调用Utils.createTaskExecutorContext(...)方法时，传入TaskManager的实现类信息作为TaskManager的启动入口。即yarn container容器启动时会执行YarnTaskExecutorRunner类的main(...)方法。

org.apache.flink.yarn.YarnResourceManagerDriver#createTaskExecutorLaunchContext

    private ContainerLaunchContext createTaskExecutorLaunchContext(
            ResourceID containerId, String host, TaskExecutorProcessSpec taskExecutorProcessSpec)
            throws Exception {
		//忽略其他部分
                    final ContainerLaunchContext taskExecutorLaunchContext =
                Utils.createTaskExecutorContext(
                        flinkConfig,
                        yarnConfig,
                        configuration,
                        taskManagerParameters,
                        taskManagerDynamicProperties,
                        currDir,
                        ////入口类
                        YarnTaskExecutorRunner.class,
                        log);

        taskExecutorLaunchContext.getEnvironment().put(ENV_FLINK_NODE_ID, host);
        return taskExecutorLaunchContext;
    }

在创建完ContainerLaunchContext实例后，随即调用nodeManagerClient.startContainerAsync(container, context);方法，开始TaskManager的启动工作。

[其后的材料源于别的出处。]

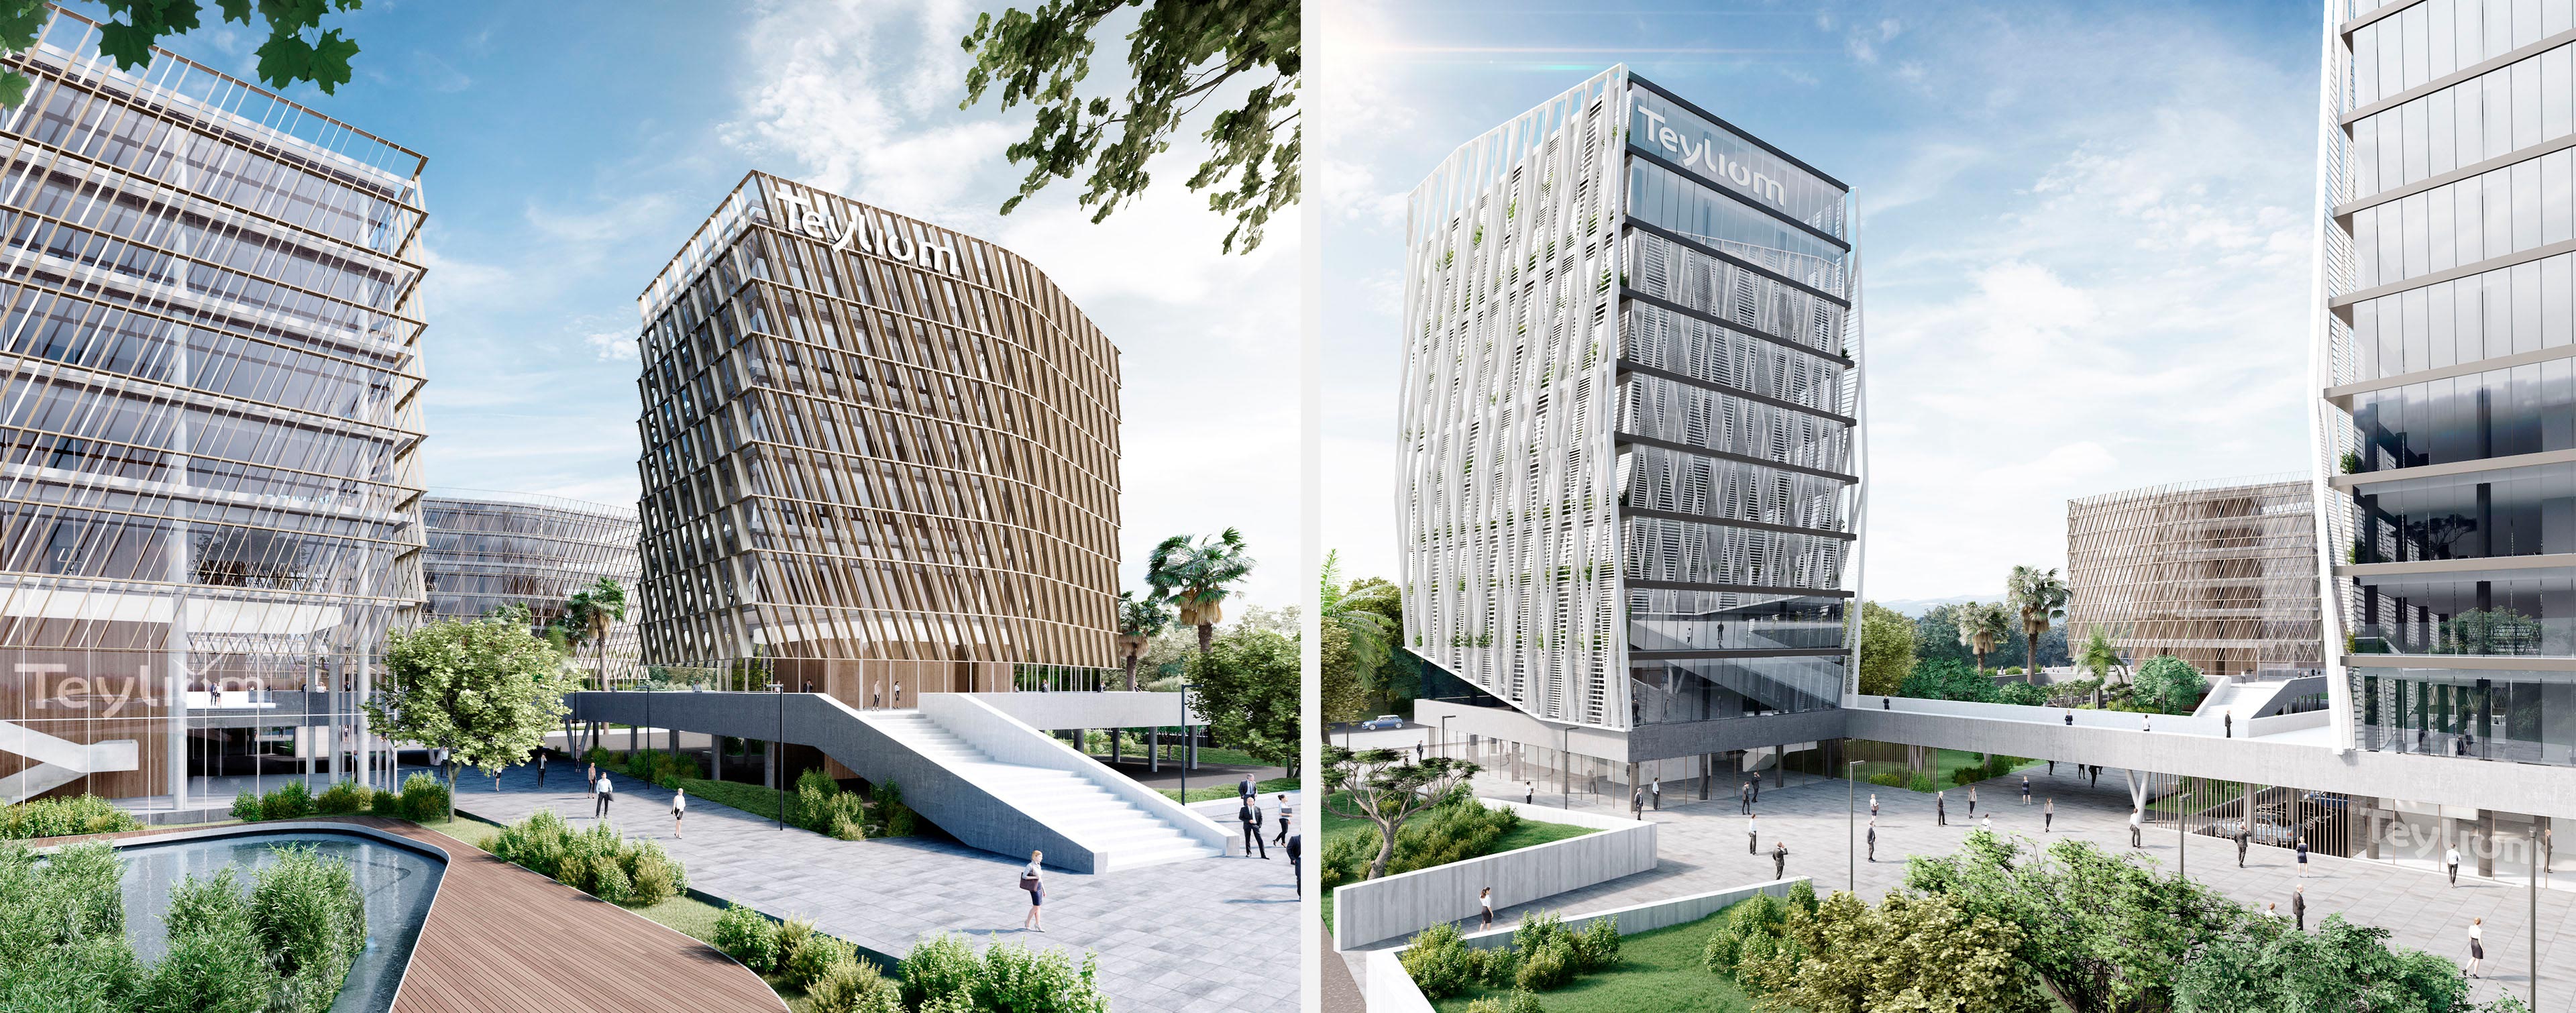 luv studio luxury architects dakkar epycentre business park building IMG 01 - LUV Studio - Architecture et design - Barcelone

以上即为ExecutionGraph的调度过程及初次请求slot资源时，TaskManager的配置启动信息，下面继续分析TaskManager的启动过程。

TaskManager启动过程解析※

上节最后分析到ContainerLaunchContext实例生成过程，同时也看到配置好了YarnTaskExecutorRunner启动过程，它就是一个普通的java类，包含main(...)方法，通过java命令启动。本节分析下YarnTaskExecutorRunner的启动过程。

通过java命令触发main(...)方法执行，进入runTaskManagerSecurely(...)方法中，加载配置文件生成配置项，执行后续启动操作。

org.apache.flink.yarn.YarnTaskExecutorRunner#main

    public static void main(String[] args) {
        EnvironmentInformation.logEnvironmentInfo(LOG, "YARN TaskExecutor runner", args);
        SignalHandler.register(LOG);
        JvmShutdownSafeguard.installAsShutdownHook(LOG);

        //YARN 任务执行器的实例入口点
        runTaskManagerSecurely(args);
    }

org.apache.flink.yarn.YarnTaskExecutorRunner#runTaskManagerSecurely

    private static void runTaskManagerSecurely(String[] args) {
        Configuration configuration = null;

        try {
            LOG.debug("All environment variables: {}", ENV);

            final String currDir = ENV.get(Environment.PWD.key());
            LOG.info("Current working Directory: {}", currDir);

            configuration = TaskManagerRunner.loadConfiguration(args);
            //设置和修改配置
            setupAndModifyConfiguration(configuration, currDir, ENV);
        } catch (Throwable t) {
            LOG.error("YARN TaskManager initialization failed.", t);
            System.exit(INIT_ERROR_EXIT_CODE);
        }

        //安全地运行TaskManager进程
        TaskManagerRunner.runTaskManagerProcessSecurely(Preconditions.checkNotNull(configuration));
    }

org.apache.flink.runtime.taskexecutor.TaskManagerRunner#runTaskManagerProcessSecurely(org.apache.flink.configuration.Configuration)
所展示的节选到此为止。